As lições da Amazônia e dos indígenas:
“Os povos indígenas na Amazônia brasileira, principalmente, representam a pré-história da humanidade. Só na Floresta Amazônica brasileira tem em torno de 102 grupos que nunca foram contatados. Só no Vale do Javari tem 8 grupos que nunca foram contatados, completamente isolados, que não conhecem nada da nossa civilização – dita civilização. Mas esses indígenas são impressionantes. Eles são exatamente como nós. Não tem diferença nenhuma porque eles são, como nós, eles são um homo sapiens. Se, por acaso, eu tivesse uma relação com uma indígena, uma relação sexual, ela poderia ter um filho meu porque, matematicamente, biologicamente, nós somos a mesma espécie. Não tem diferença nenhuma.”

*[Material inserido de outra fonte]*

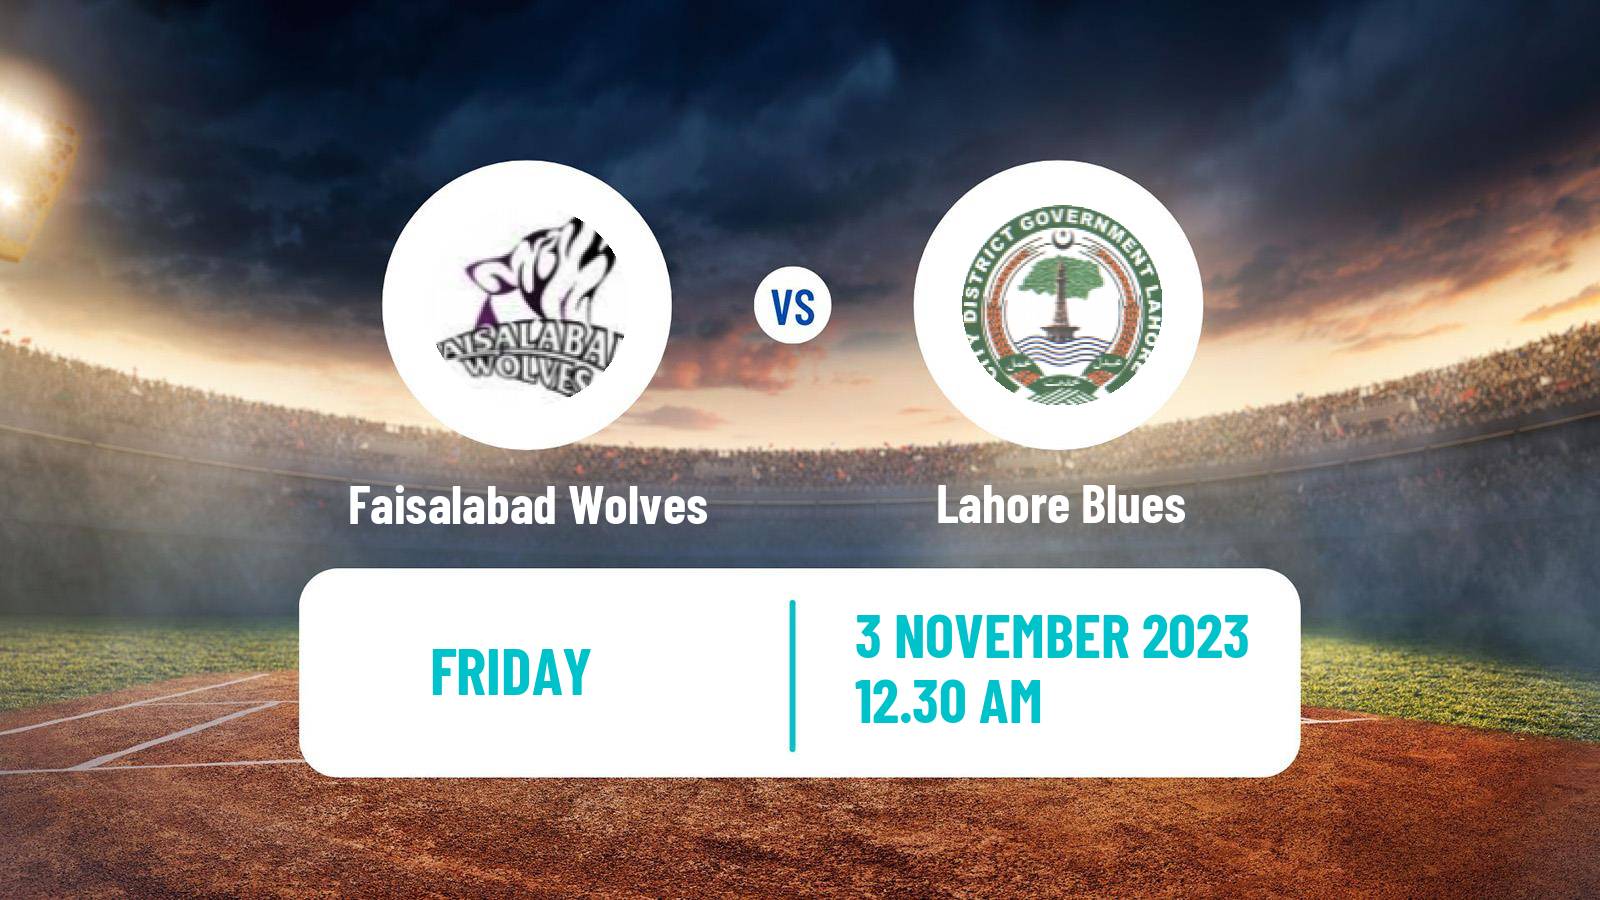 Cricket Pakistan One Day Cup Faisalabad Wolves - Lahore Blues

“É interessante de ver que esses indígenas têm uma quantidade de produtos que nós tempos. Eles têm antibióticos, eles têm anti-inflamatório, eles têm praticamente todos os medicamentos que nós temos em forma natural. Então é colossal de ver o conhecimento que eles têm. Eles têm um conhecimento fantástico da floresta. Eles têm uma relação completamente diferente da nossa com a natureza. Eles são parte da biodiversidade.

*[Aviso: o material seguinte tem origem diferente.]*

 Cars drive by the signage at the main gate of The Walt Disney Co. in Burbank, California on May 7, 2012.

Então, isso para mim foi um conforto muito grande. A primeira vez que eu vim trabalhar com uma tribo indígena nos anos 80, eu tinha a impressão que ia ser muito difícil. Que eu vinha para um povo, que eu não falava a língua dele, difícil, isolado… Olha, com menos de uma hora eu estava na minha casa. Porque, tudo que era essencial para mim, vivendo no final do século 20 em Paris, na Europa, cheguei lá e o que era essencial para mim era essencial para eles. Eles amavam da mesma forma, eles tinham ideia de comunidade exatamente como a minha, eles tinha ideia de solidariedade igual à minha. Então, tudo aquilo que é essencial, que a mãe da gente ensina quando a gente é menino, a mãe deles ensinou a eles exatamente a mesma coisa. Nós somos a mesma espécie. Quando eu ia trabalhar numa comunidade de elefantes, numa comunidade de leão, eu tinha que fazer muita atenção, porque o sistema racional e lógica deles é muito diferente do meu. Eu tinha que fazer muita atenção para tentar compreender, com uma certa racionalidade, para eu poder me encaixar. Ao passo que quando eu vim trabalhar com as comunidades indígenas, não teve nada disso. Eu cheguei na minha casa, na casa do ser humano, na casa do homo sapiens.”